In the Gospel it seems that the Lord makes a direct link between fasting and forgiveness by putting them side by side.  Thinking about it, this makes absolute sense.  What on earth would be the point of putting time aside to deepen our relationship with God by a particular type of effort, if we know that at the same time our relationships with other people are in chaos or seriously flawed.  The Lord puts together the two commandments to love him and to love others.  We can’t really separate them out into self-contained compartments which don’t impact on each other.

But forgiveness isn’t easy.  It’s not a fluffy, candy-floss business - either when we consider God’s forgiveness of grievous human wickedness, or when we get down to the business of dealing with our attitude to people who have acted badly to us.  Some people have suffered damage so serious that no human being has the right to glibly inform them that they “must forgive”.

Forgiveness is linked with God’s judgement – also an important theme in the repentance of Lent.  In Christianity, Judaism and Islam there is a belief in a final judgement by God where wrongs will be recognised as wrongs, where the truth about what has happened will be told.  Whatever one believes about what will actually happen when each person comes before God at the end of their life, I think it is essential to retain this sense of truth and justice.  In a fluffy moral world where nothing really matters, truth and justice just don’t happen.

On the other hand, all the religions I have just mentioned, have a deep sense of God’s mercy.  Take, for example this passage from Hosea 11.8-90: ‘How can I give you up, O Ephraim? For I am God and not a mortal’.  In this passage God is seen as almost helpless as a result of his own nature, a nature which just cannot stop loving.  It seems to me that we have to hold these two aspects of God’s nature, (just and merciful) together.

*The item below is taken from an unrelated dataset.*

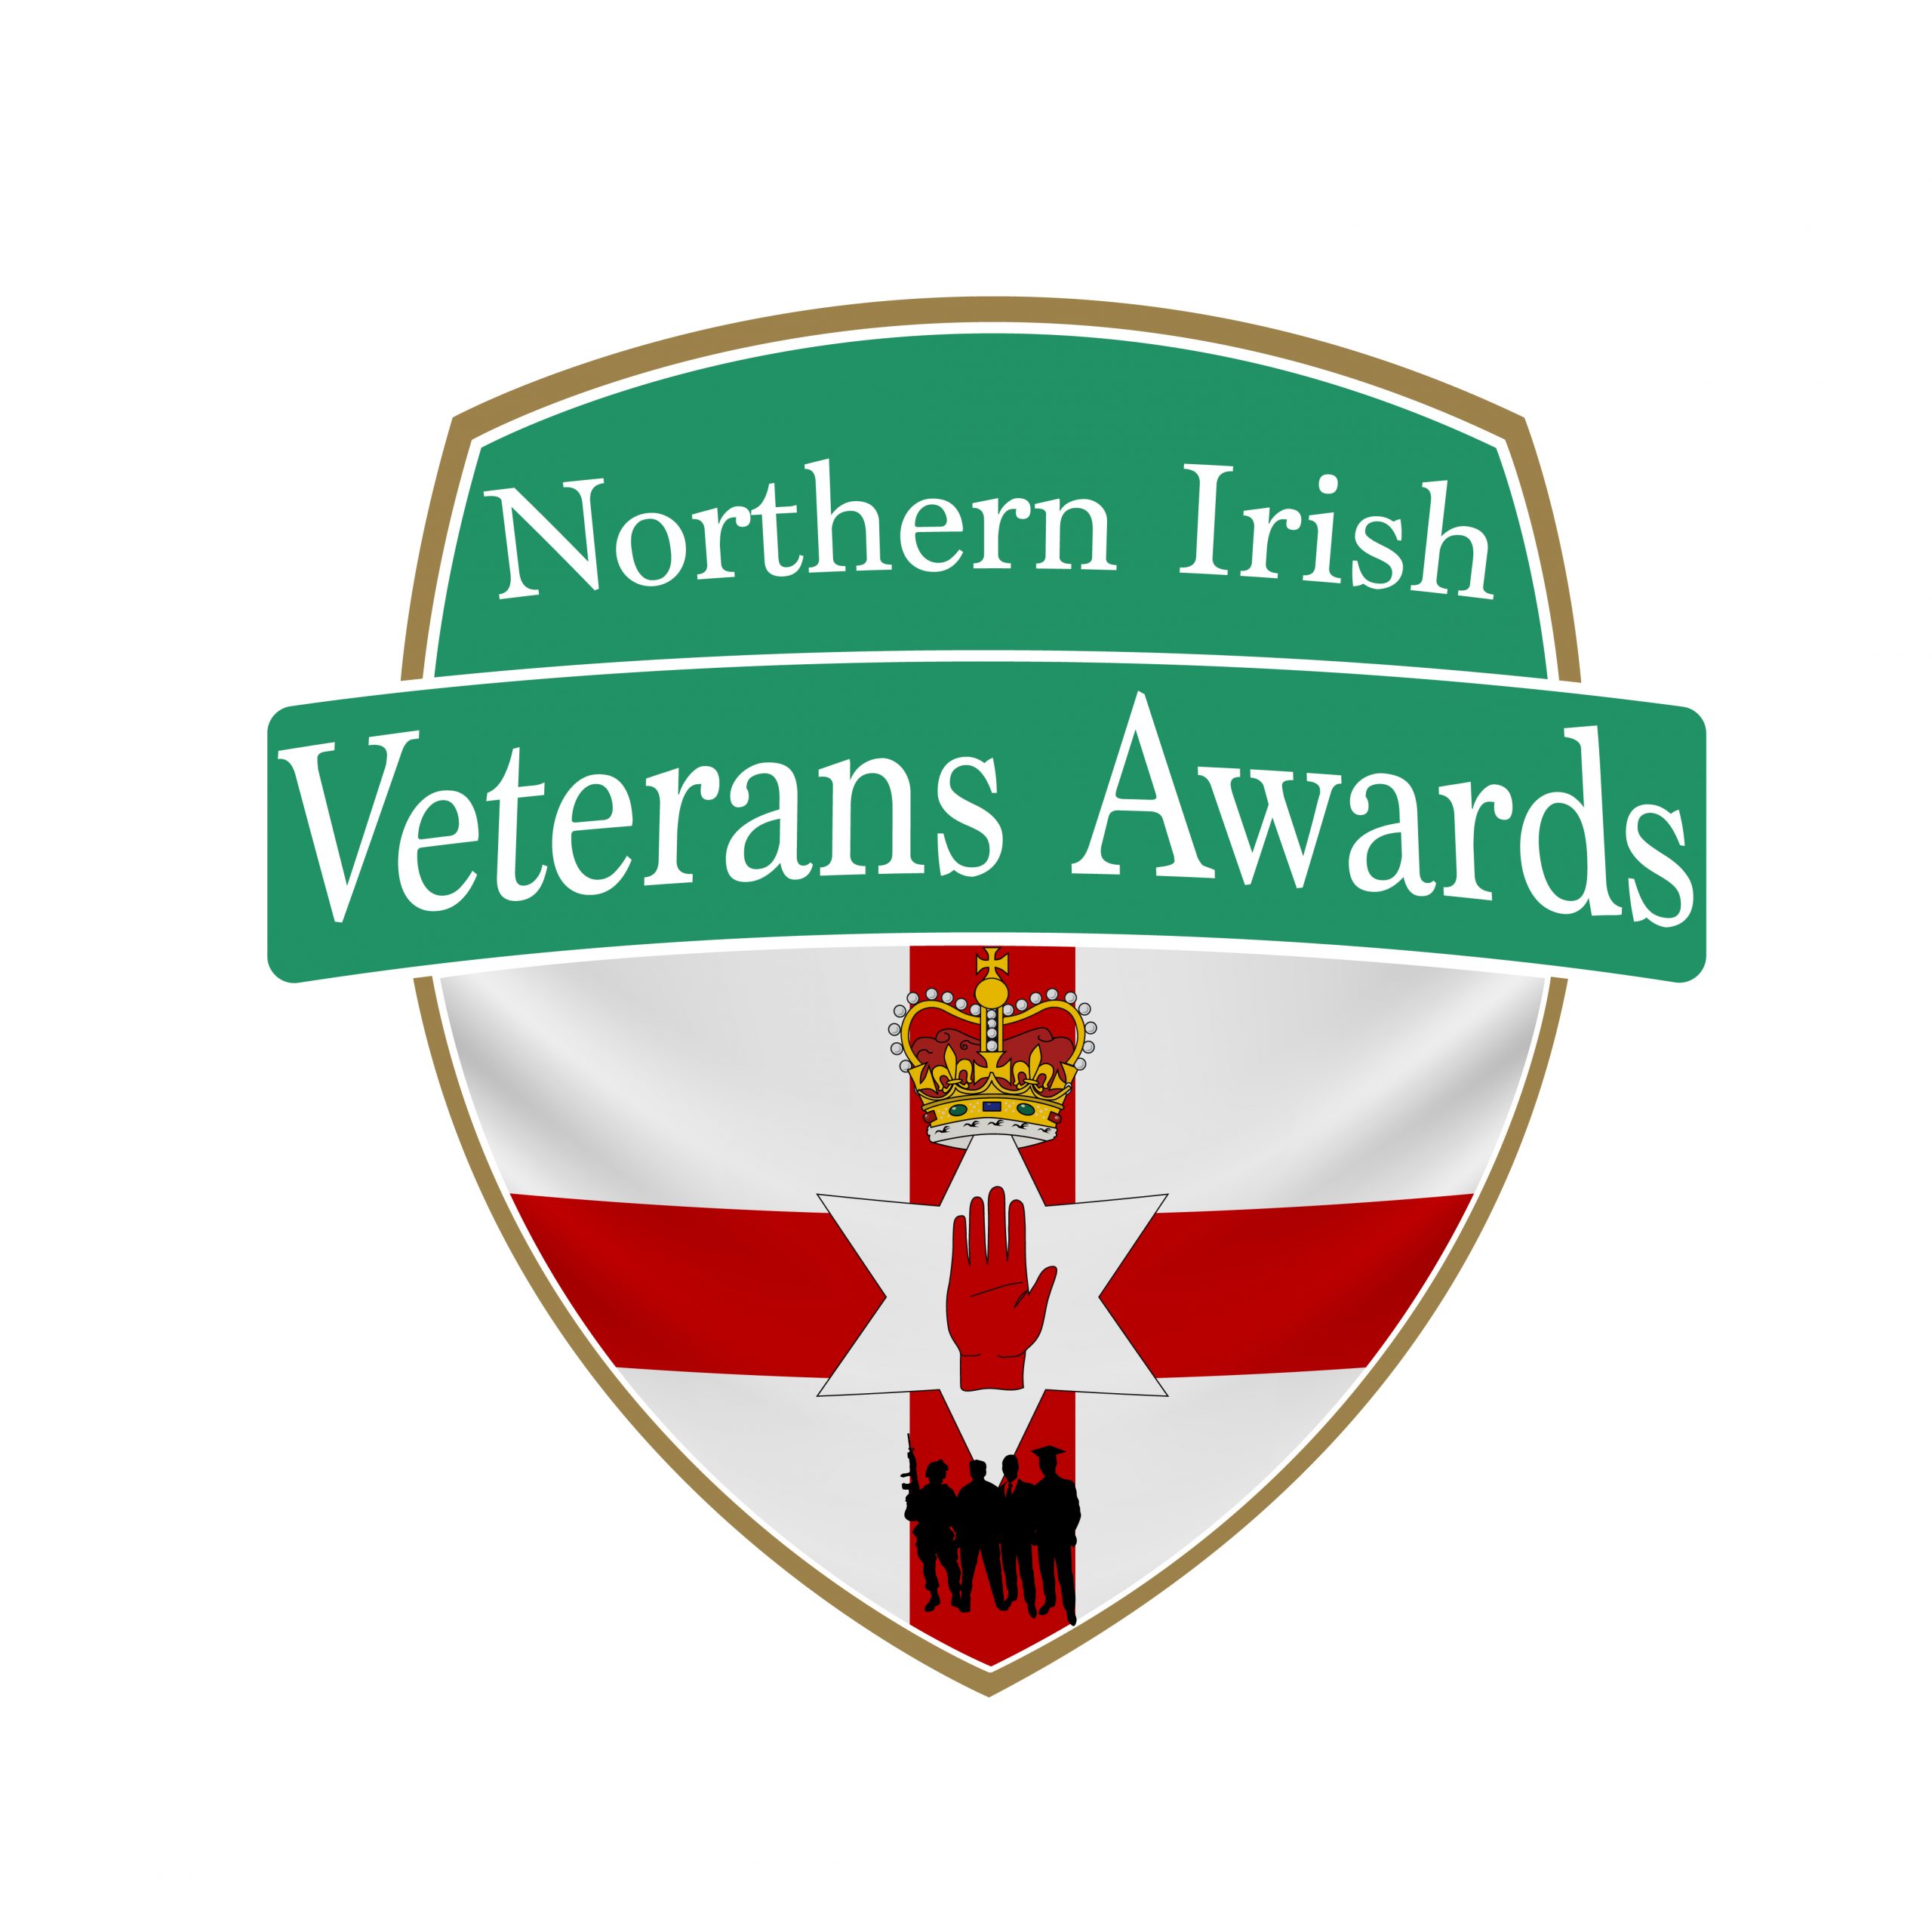 Pathfinder Becomes Official Media Partner For The Northern Irish Veterans Awards

Most of us long for peace, peace among people, peace with ourselves, and if we are believers - peace with God.  We usually find that forgiveness is a huge component in finding that peace.  One of the reasons that finding forgiveness is so difficult is that we think of it as generating a feeling in ourselves.  In fact, it needs the full engagement of mind and will, far more than just feeling.[1]  Often people need to talk with another person, outside of the situation, about their need to forgive or receive forgiveness, and spell out for themselves how they can practically or inwardly embark on this engagement of the mind and will to change their inner stance towards another person.  How, in real terms, can a cessation of hostilities be brought about?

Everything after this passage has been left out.